Based on the DNA single-stranded tile (SST) sequence designer used in the following publication.
“Diverse and robust molecular algorithms using reprogrammable DNA self-assembly” Woods*, Doty*, Myhrvold, Hui, Zhou, Yin, Winfree. (*Joint first co-authors)
- np.idx2seq(idx, length)[source]
Return the lexicographic idx’th DNA sequence of given length.
- Parameters:
idx (int)
length (int)
- Return type:
str
- np.seq2arr(seq, base2bits_local=None)[source]
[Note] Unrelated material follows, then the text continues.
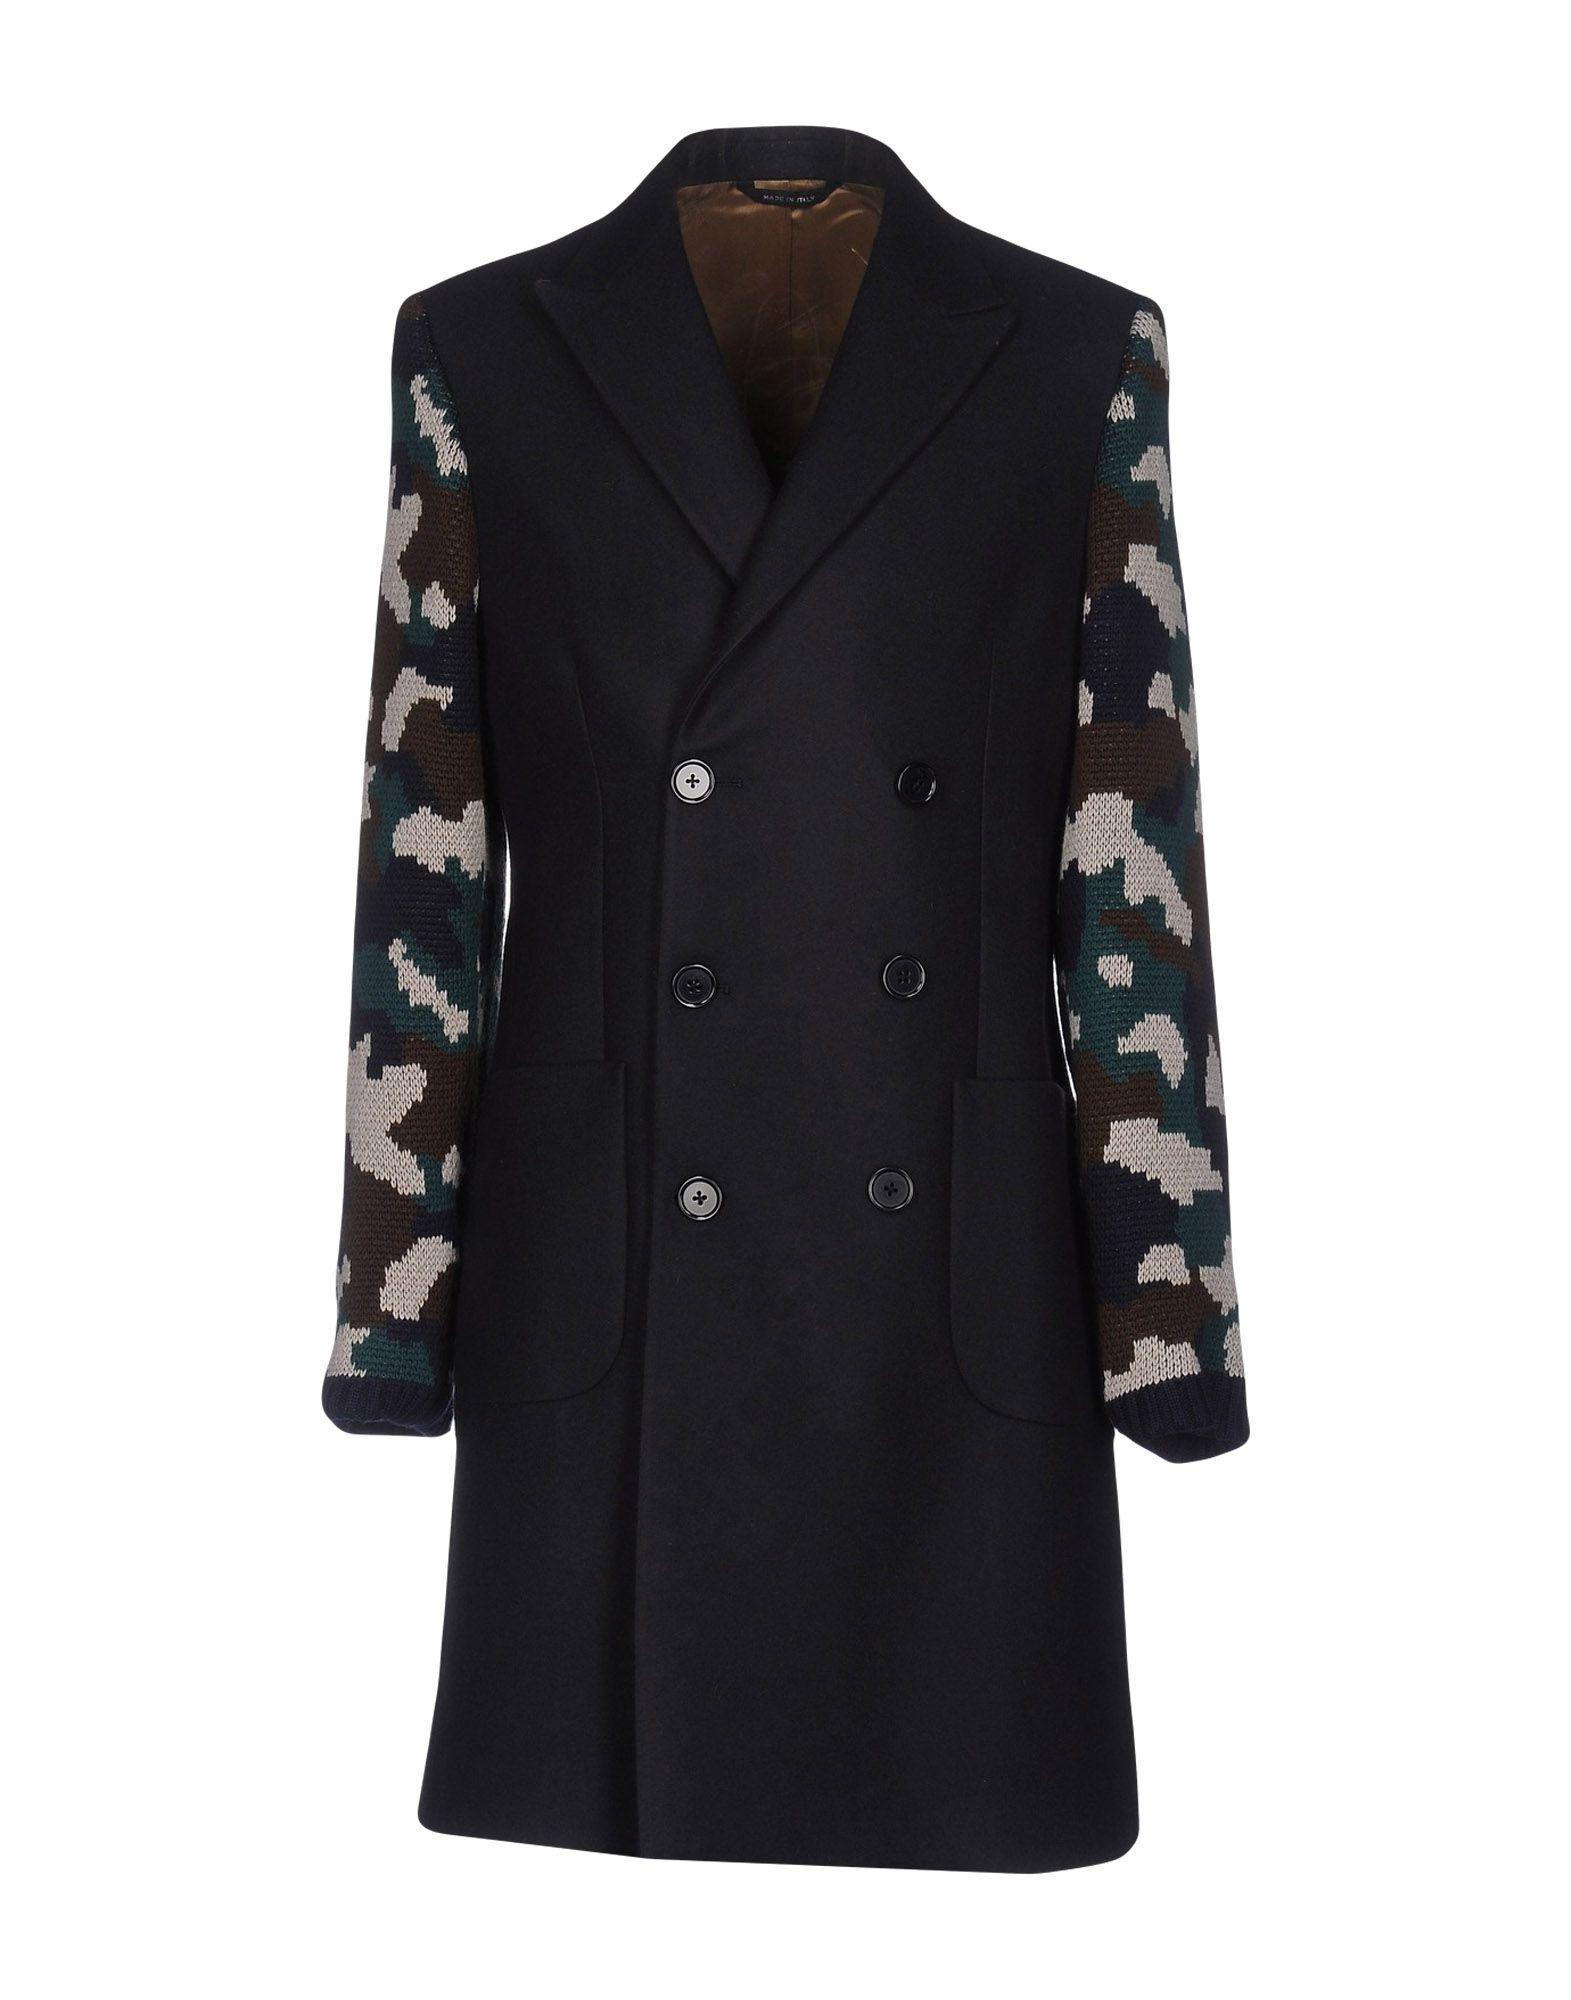 Lc23 Coat In Dark Blue

Convert seq (string with DNA alphabet) to numpy array with integers 0,1,2,3.
- Parameters:
seq (str)
base2bits_local (dict[str, int] | None)
- Return type:
np.ndarray
- np.seqs2arr(seqs)[source]
Return numpy 2D array converting the given DNA sequences to integers.
- Parameters:
seqs (Sequence[str])
- Return type:
ndarray
- np.arr2seqs(arr)[source]
Return list of strings converting the given numpy array of integers to DNA sequences.
- Parameters:
arr (ndarray)
- Return type:
list[str]
- np.arr2seq(arr)[source]
Return string converting the given numpy array of integers to DNA sequence.
- Parameters:
arr (ndarray)
- Return type:
str
- np.make_array_with_all_dna_seqs(length, bases=('A', 'C', 'G', 'T'))[source]
Return 2D numpy array with all DNA sequences of given length in lexicographic order. Bases contains bases to be used: (‘A’,’C’,’G’,’T’) by default, but can be set to a subset of these.
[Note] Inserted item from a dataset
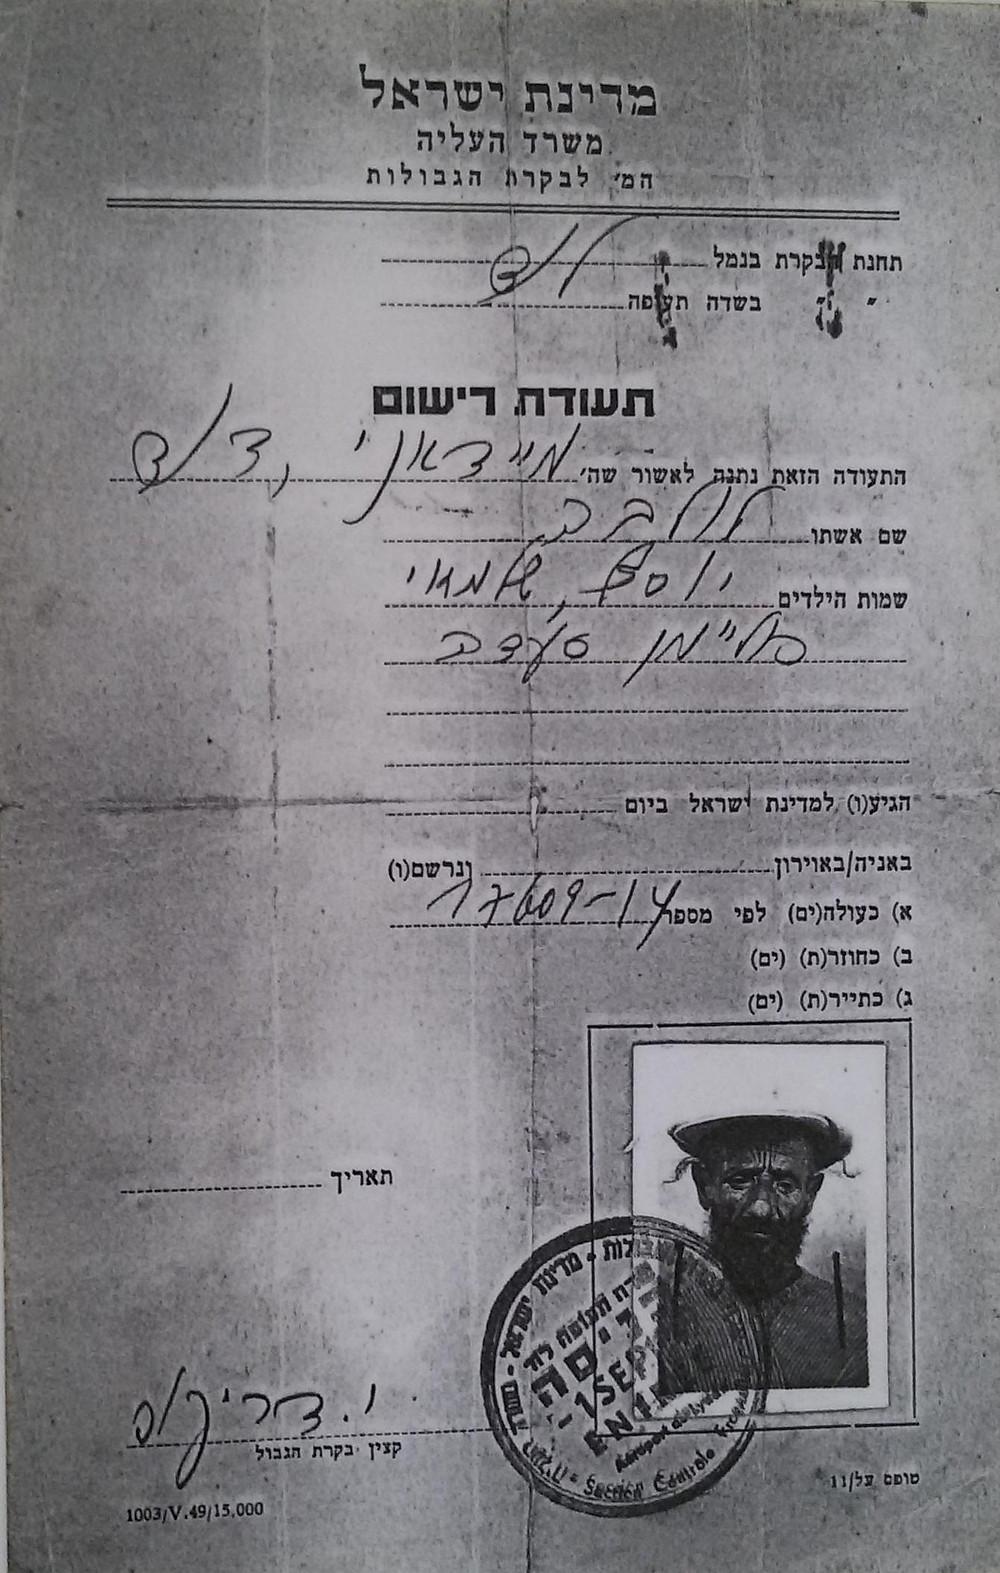 תעודת העלייה של אבי המשפחה דוד מידני 1949

Uses the encoding described in the documentation for DNASeqList. The result is a 2D array, where each row represents a DNA sequence, and that row has one byte per base.
- Parameters:
length (int)
bases (Collection[str])
- Return type:
ndarray
- np.make_array_with_random_subset_of_dna_seqs(length, num_random_seqs, rng=Generator(PCG64) at 0x7DC02407E4A0, bases=('A', 'C', 'G', 'T'))[source]
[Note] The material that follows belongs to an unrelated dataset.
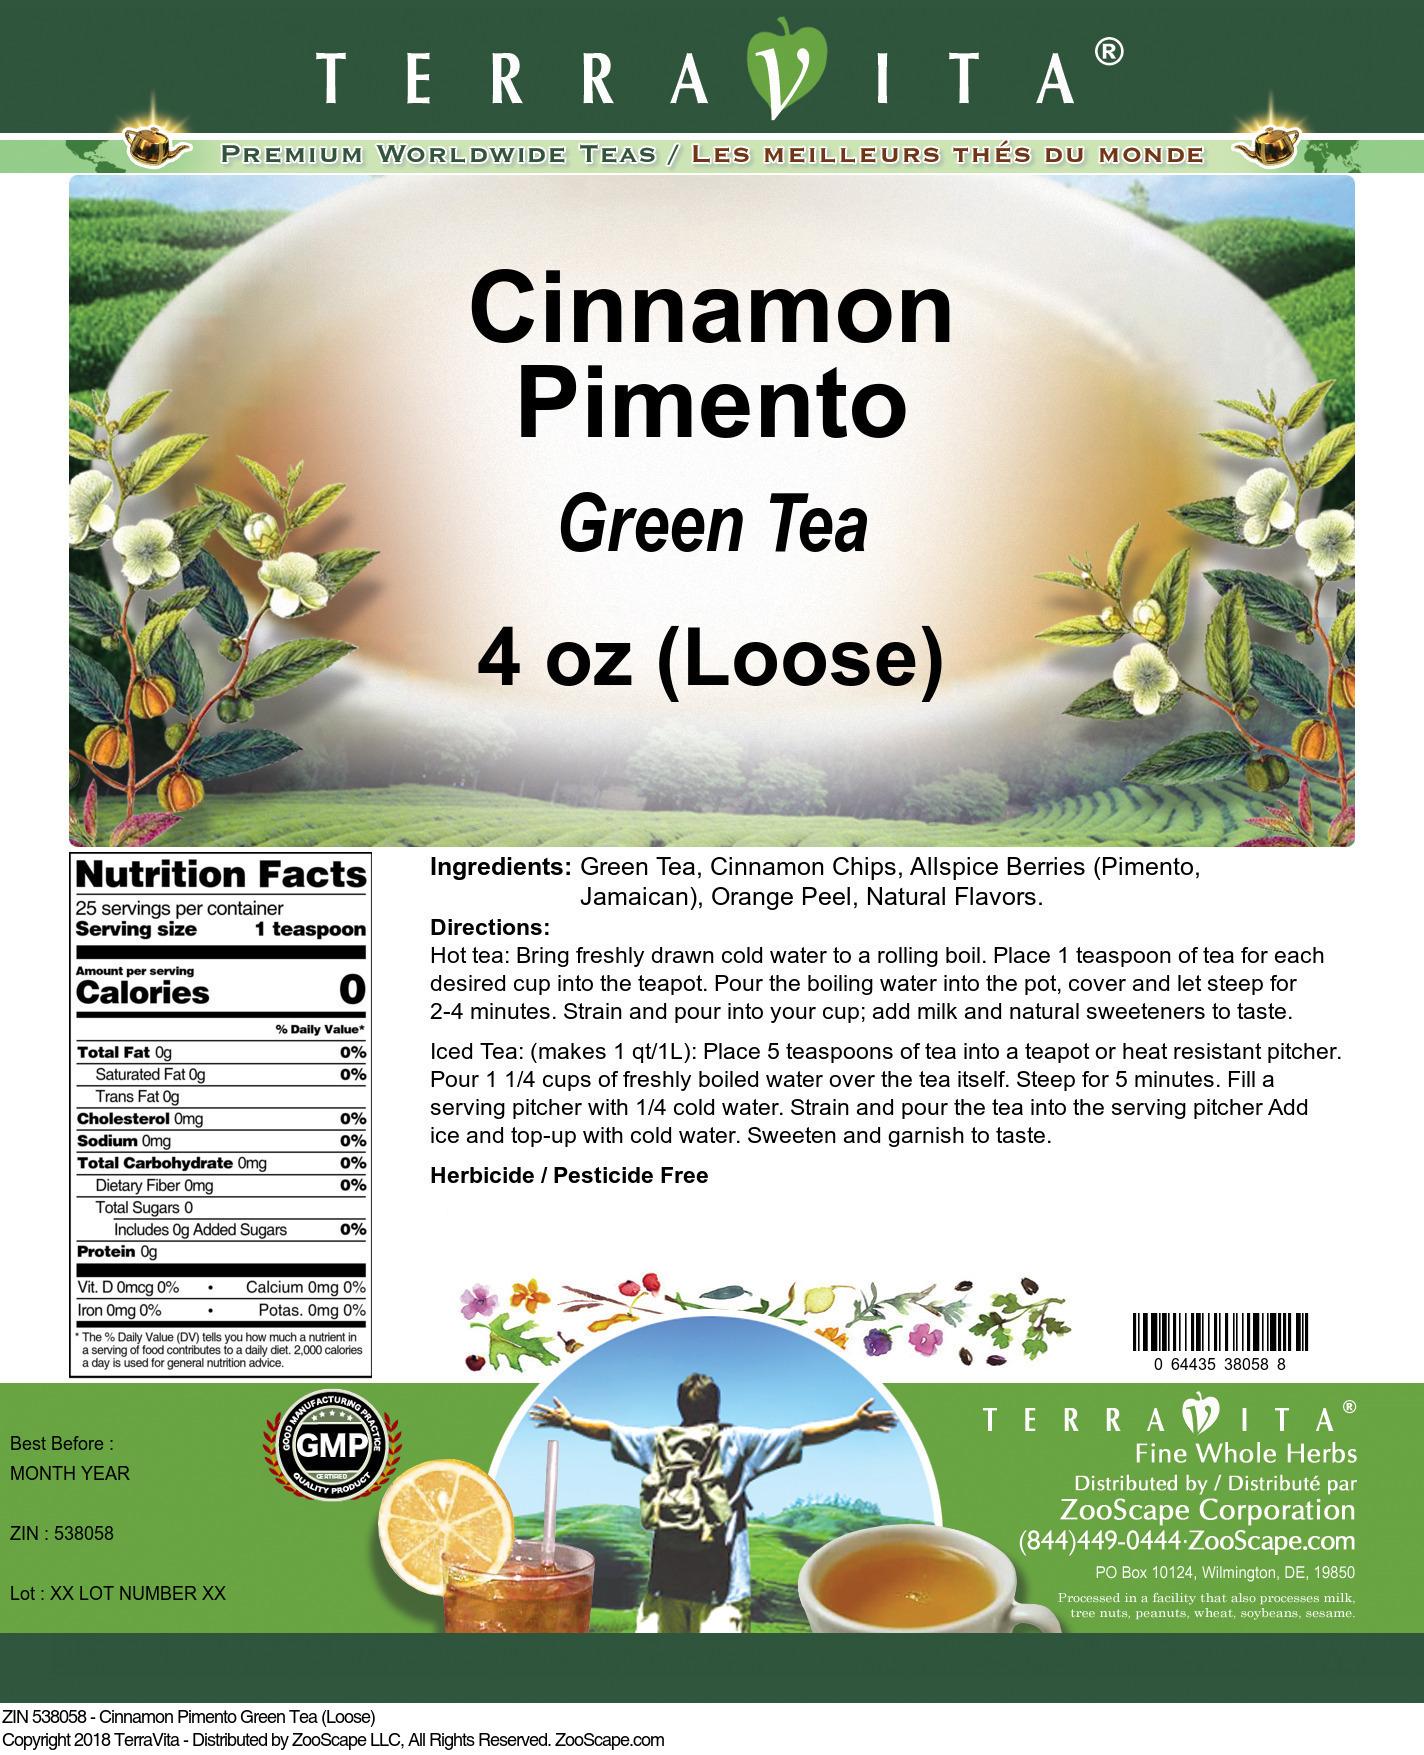 Cinnamon Pimento Green Tea (Loose)

Return 2D numpy array with random subset of size num_seqs of DNA sequences of given length. Bases contains bases to be used: (‘A’,’C’,’G’,’T’) by default, but can be set to a subset of these.
Uses the encoding described in the documentation for DNASeqList. The result is a 2D array, where each row represents a DNA sequence, and that row has one byte per base.
Sequences returned will be unique (i.e., sampled without replacement) and in a random order
- Parameters:
length (int) – length of each row
num_random_seqs (int) – number of rows
bases (Collection[str]) – DNA bases to use
rng (Generator) – numpy random number generator (type returned by numpy.random.default_rng())
- Returns:
2D numpy array with random subset of size num_seqs of DNA sequences of given length
- Return type:
ndarray
- np.make_array_with_all_dna_seqs_hamming_distance(dist, seq, bases=('A', 'C', 'G', 'T'))[source]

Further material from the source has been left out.